Submarine Communications Cable - Notable Events

Notable Events

The Newfoundland earthquake of 1929 broke a series of trans-Atlantic cables by triggering a massive undersea mudslide. The sequence of breaks helped scientists chart the progress of the mudslide.

In July 2005, a portion of the SEA-ME-WE 3 submarine cable located 35 kilometres (22 mi) south of Karachi that provided Pakistan's major outer communications became defective, disrupting almost all of Pakistan's communications with the rest of the world, and affecting approximately 10 million Internet users.

The 2006 Hengchun earthquake on December 26, 2006 rendered numerous cables between Taiwan and Philippines inoperable.

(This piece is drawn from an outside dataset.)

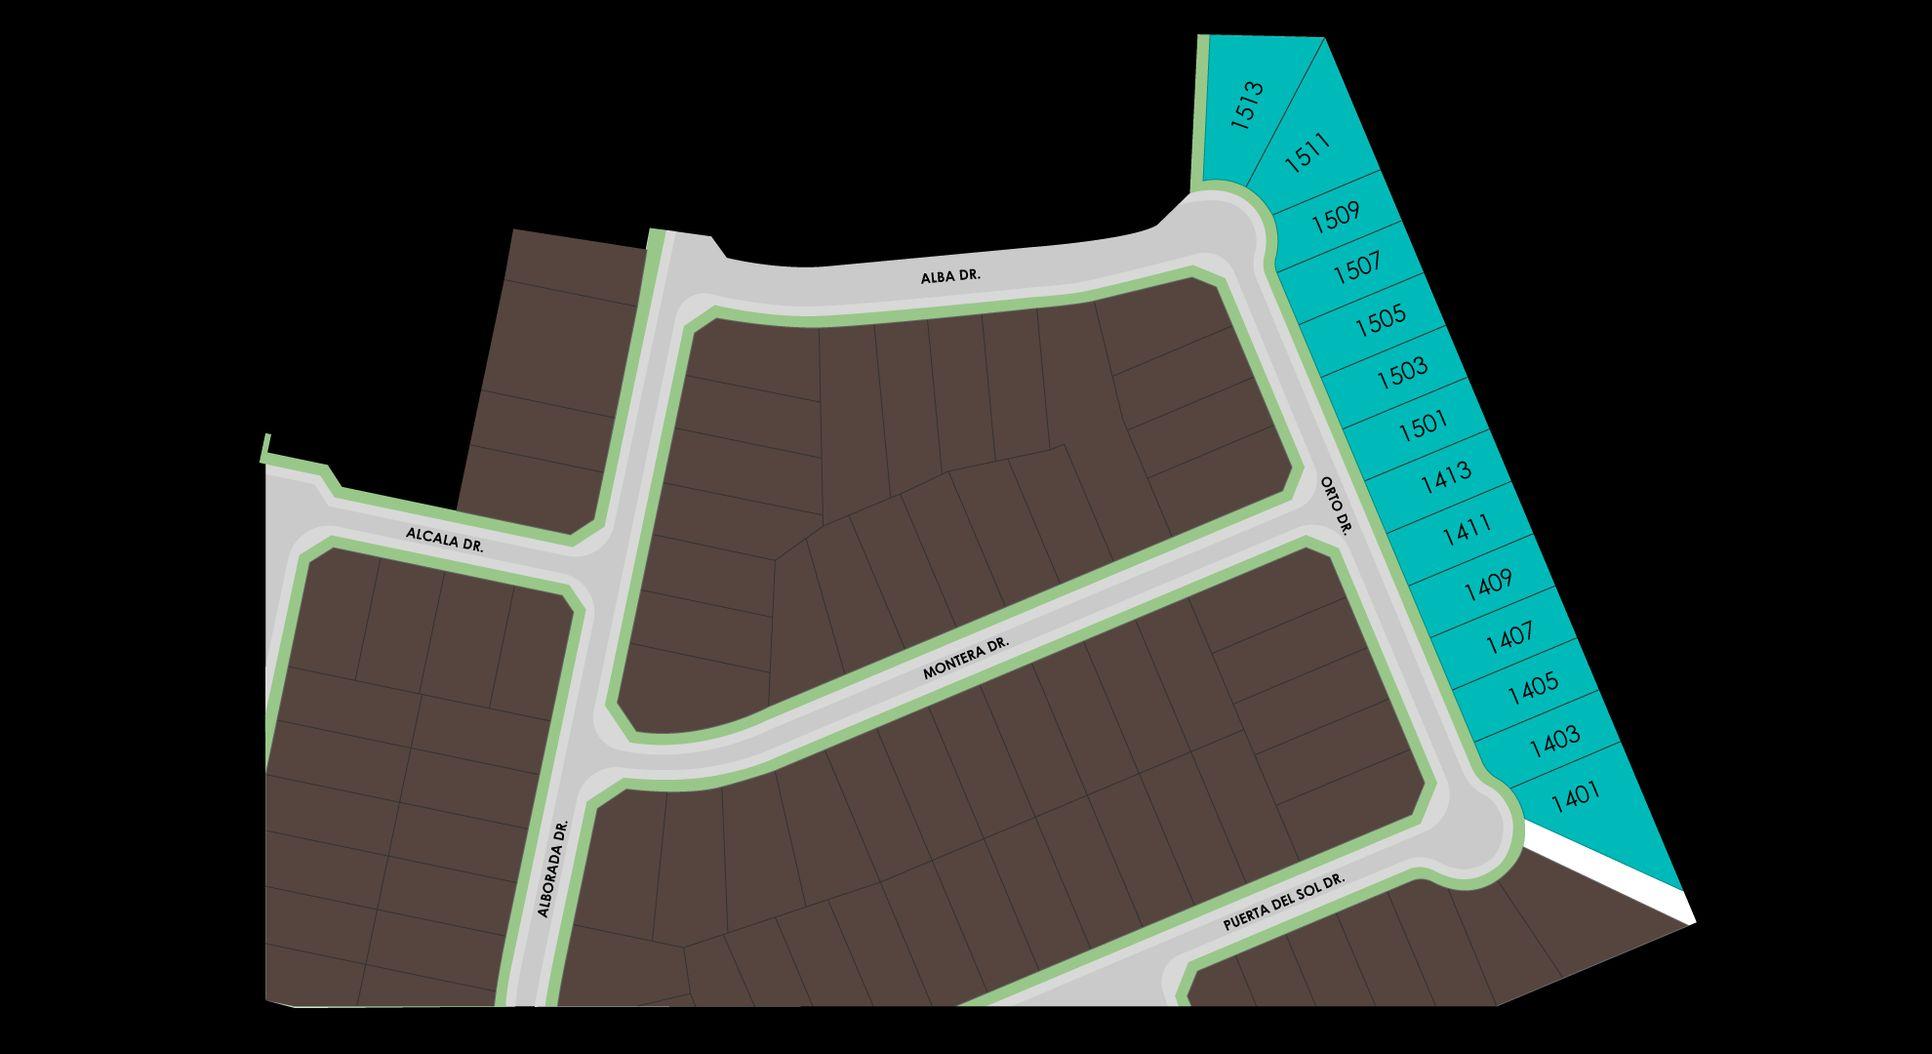 San Isidro Northeast - Puerta Del Sol Phase I

In March, 2007, pirates stole an 11-kilometre (7 mi) section of the T-V-H submarine cable that connected Thailand, Vietnam, and Hong Kong, affecting Vietnam's Internet users with far slower speeds. The thieves attempted to sell the 100 tons of cable as scrap.

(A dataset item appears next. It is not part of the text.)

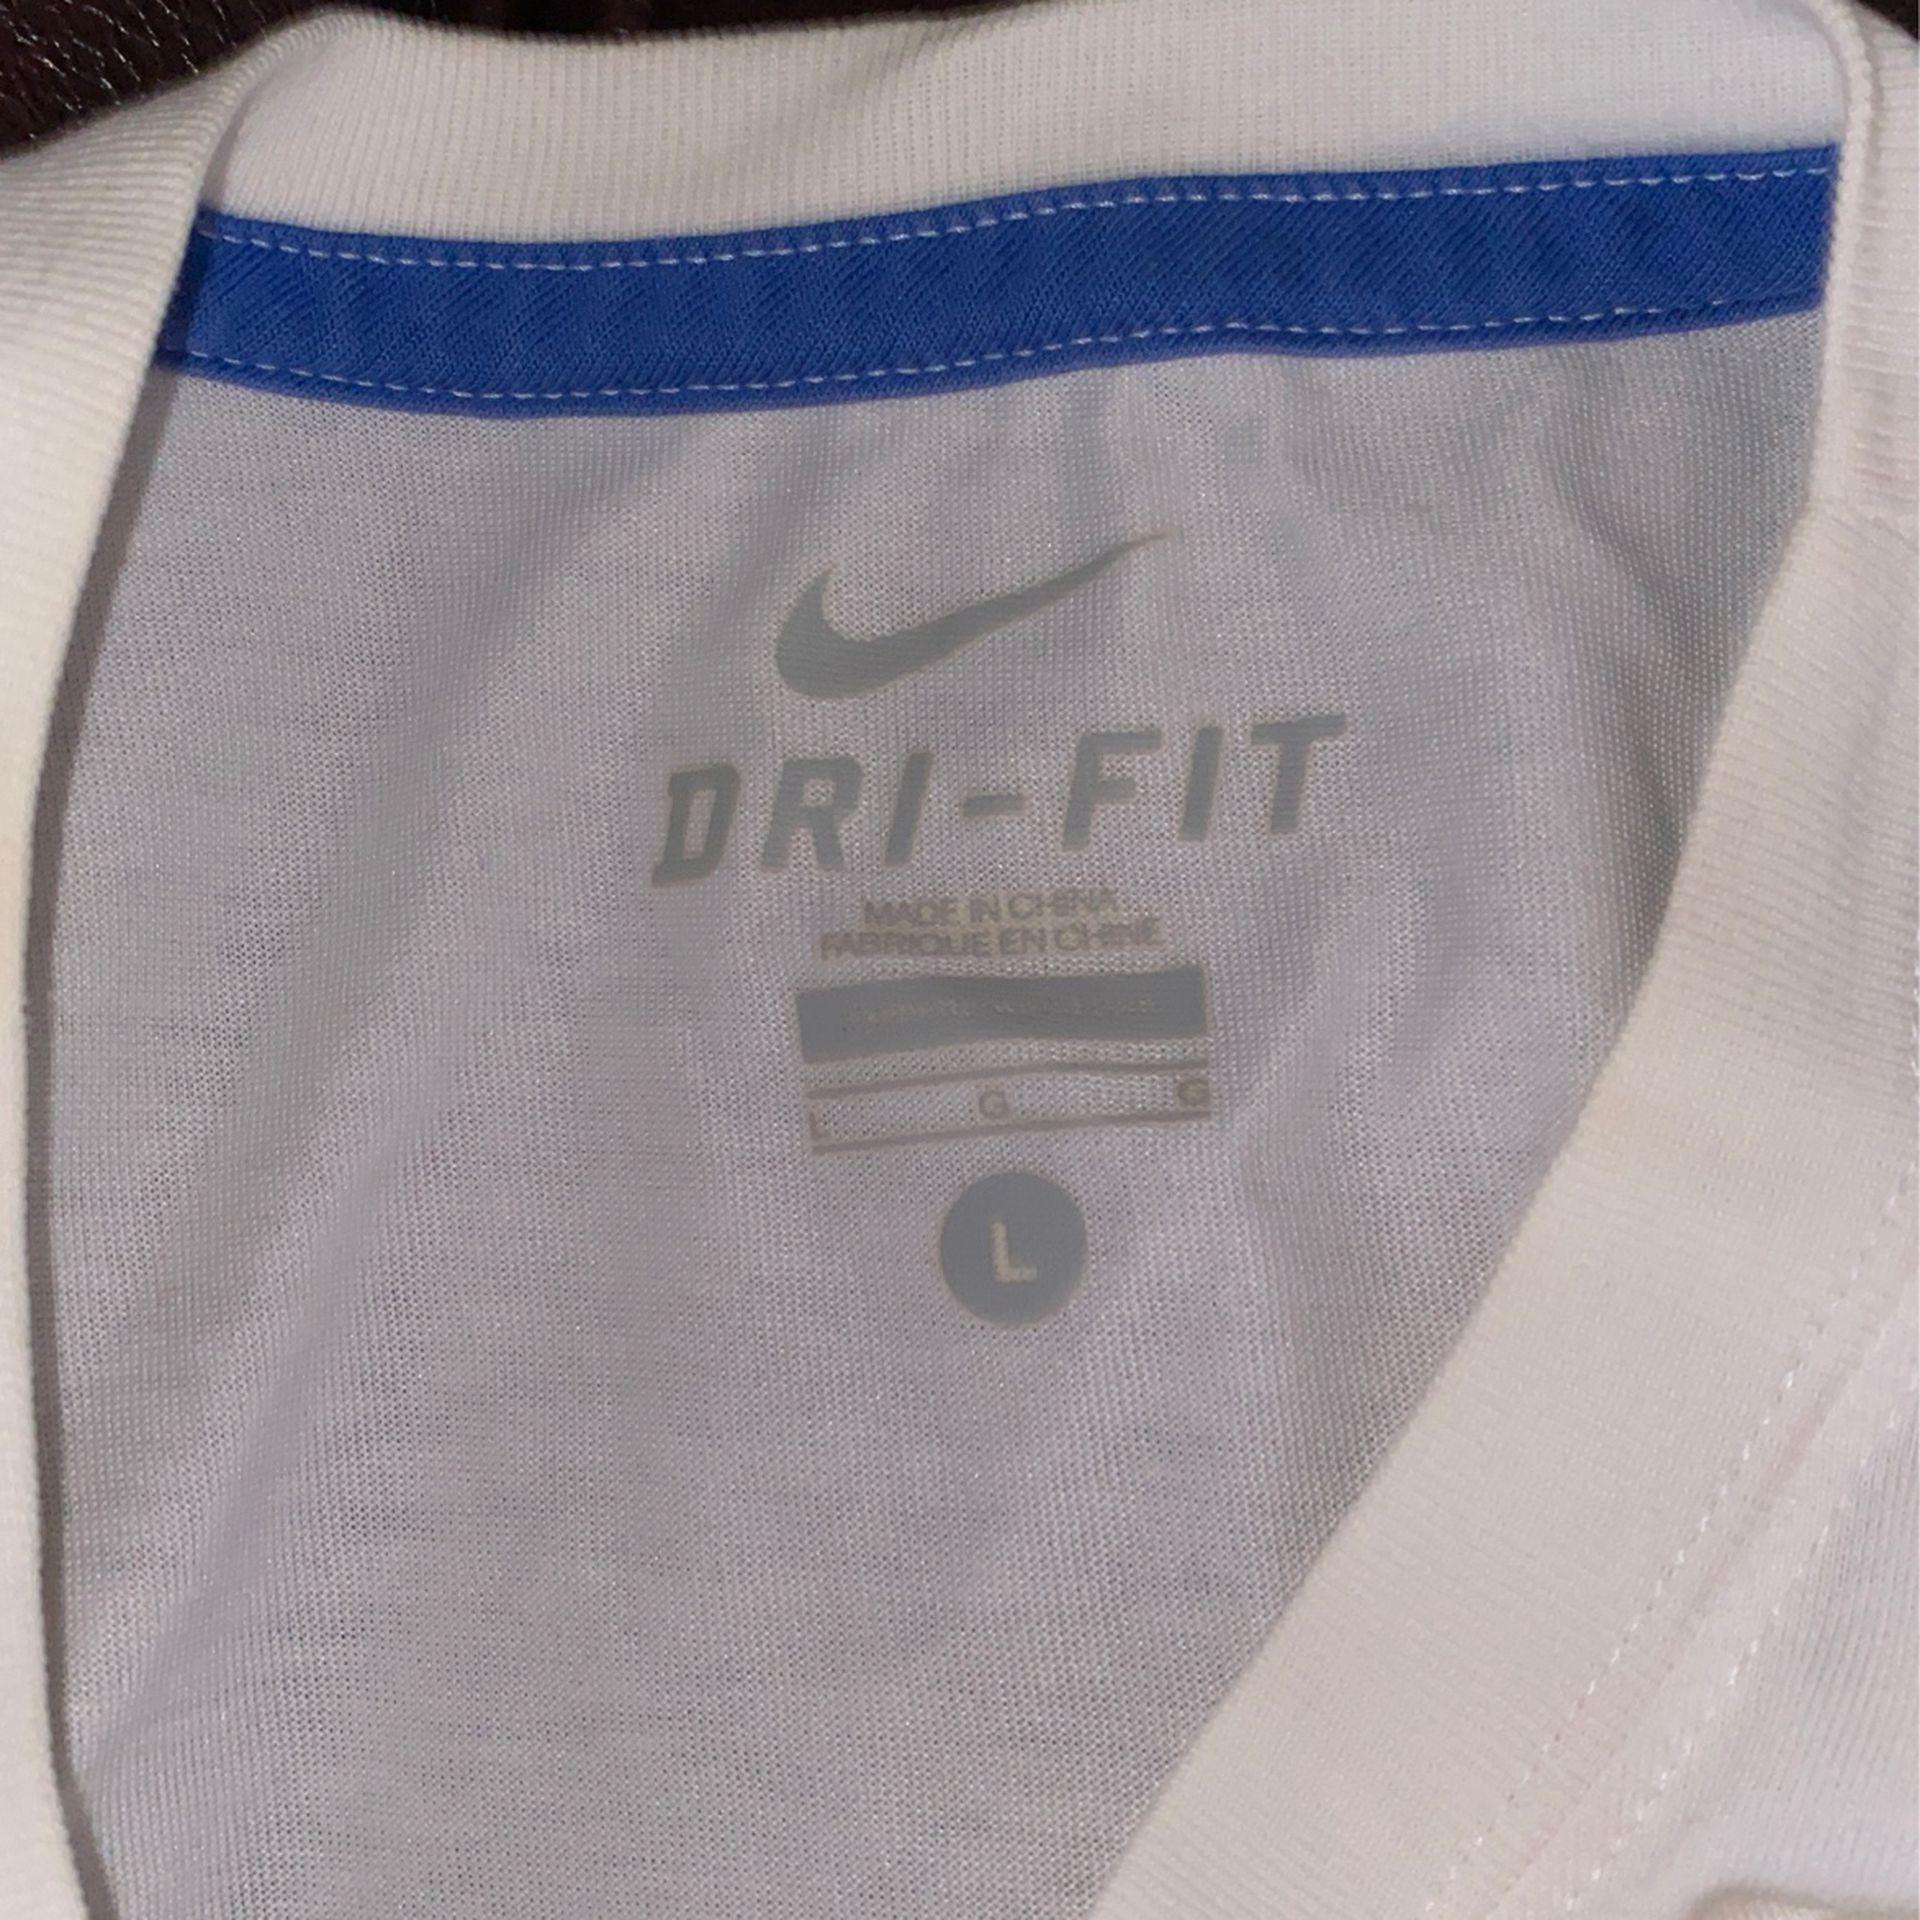 Nike dri-fit kobe graphic tee (white/blue)(L)

The 2008 submarine cable disruption was a series of cable outages, two of the three Suez Canal cables, two disruptions in the Persian Gulf, and one in Malaysia. It caused massive communications disruptions to India and the Middle East.

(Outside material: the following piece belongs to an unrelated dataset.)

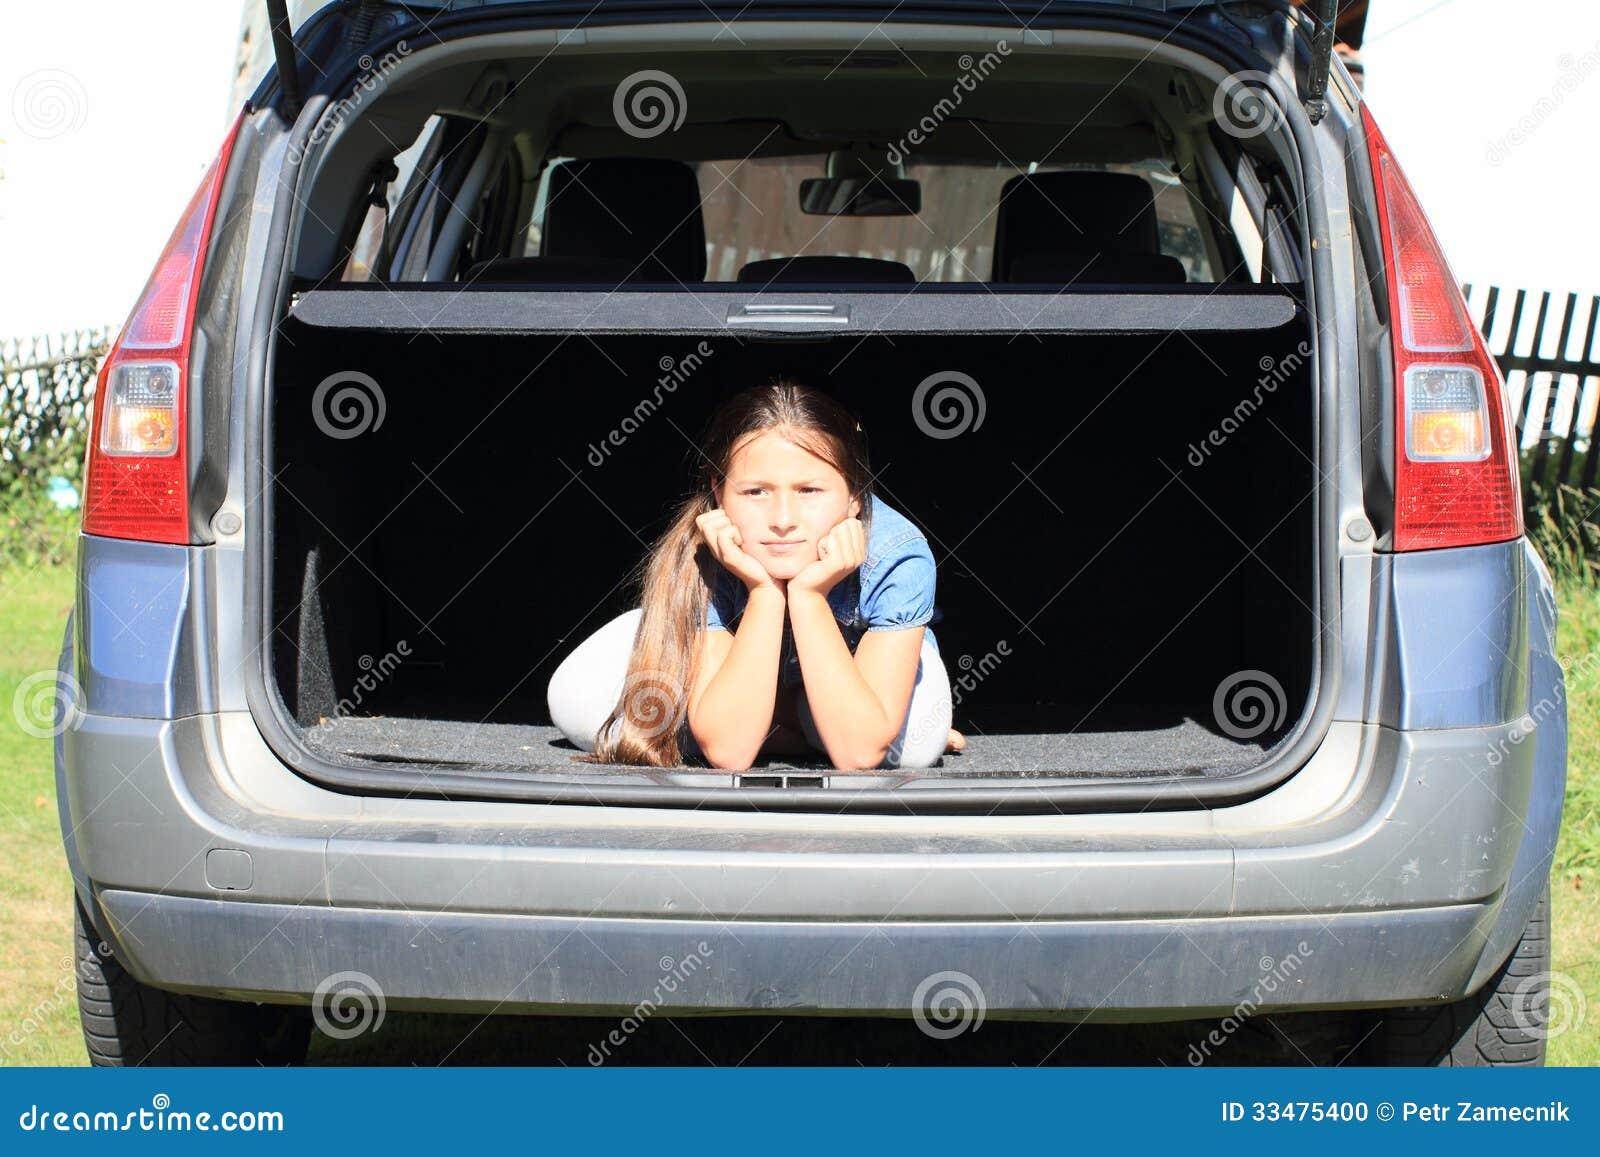 nude in car trunk

In April 2010, the undersea cable SEA-ME-WE 4 was under an outage the South East Asia–Middle East–Western Europe 4 (SEA-ME-WE 4) submarine communications cable system, which connects South East Asia and Europe, was reportedly cut in three places, off Palermo, Italy.

The 2011 Tōhoku earthquake and tsunami damaged a number of undersea cables that make landings in Japan, including:

  • APCN-2, an intra-Asian cable that forms a ring linking China, Hong Kong, Japan, the Republic of Korea, Malaysia, the Philippines, Singapore and Taiwan.
  • Pacific Crossing West and Pacific Crossing North
  • Segments of the East Asia Crossing network (reported by PacNet)
  • A segment of the Japan-U.S. Cable Network (reported by Korea Telecom)
  • PC-1 submarine cable system (reported by NTT)

In February 2012, breaks in the EASSy and TEAMS cables disconnected about half of the networks in Kenya and Uganda from the global Internet.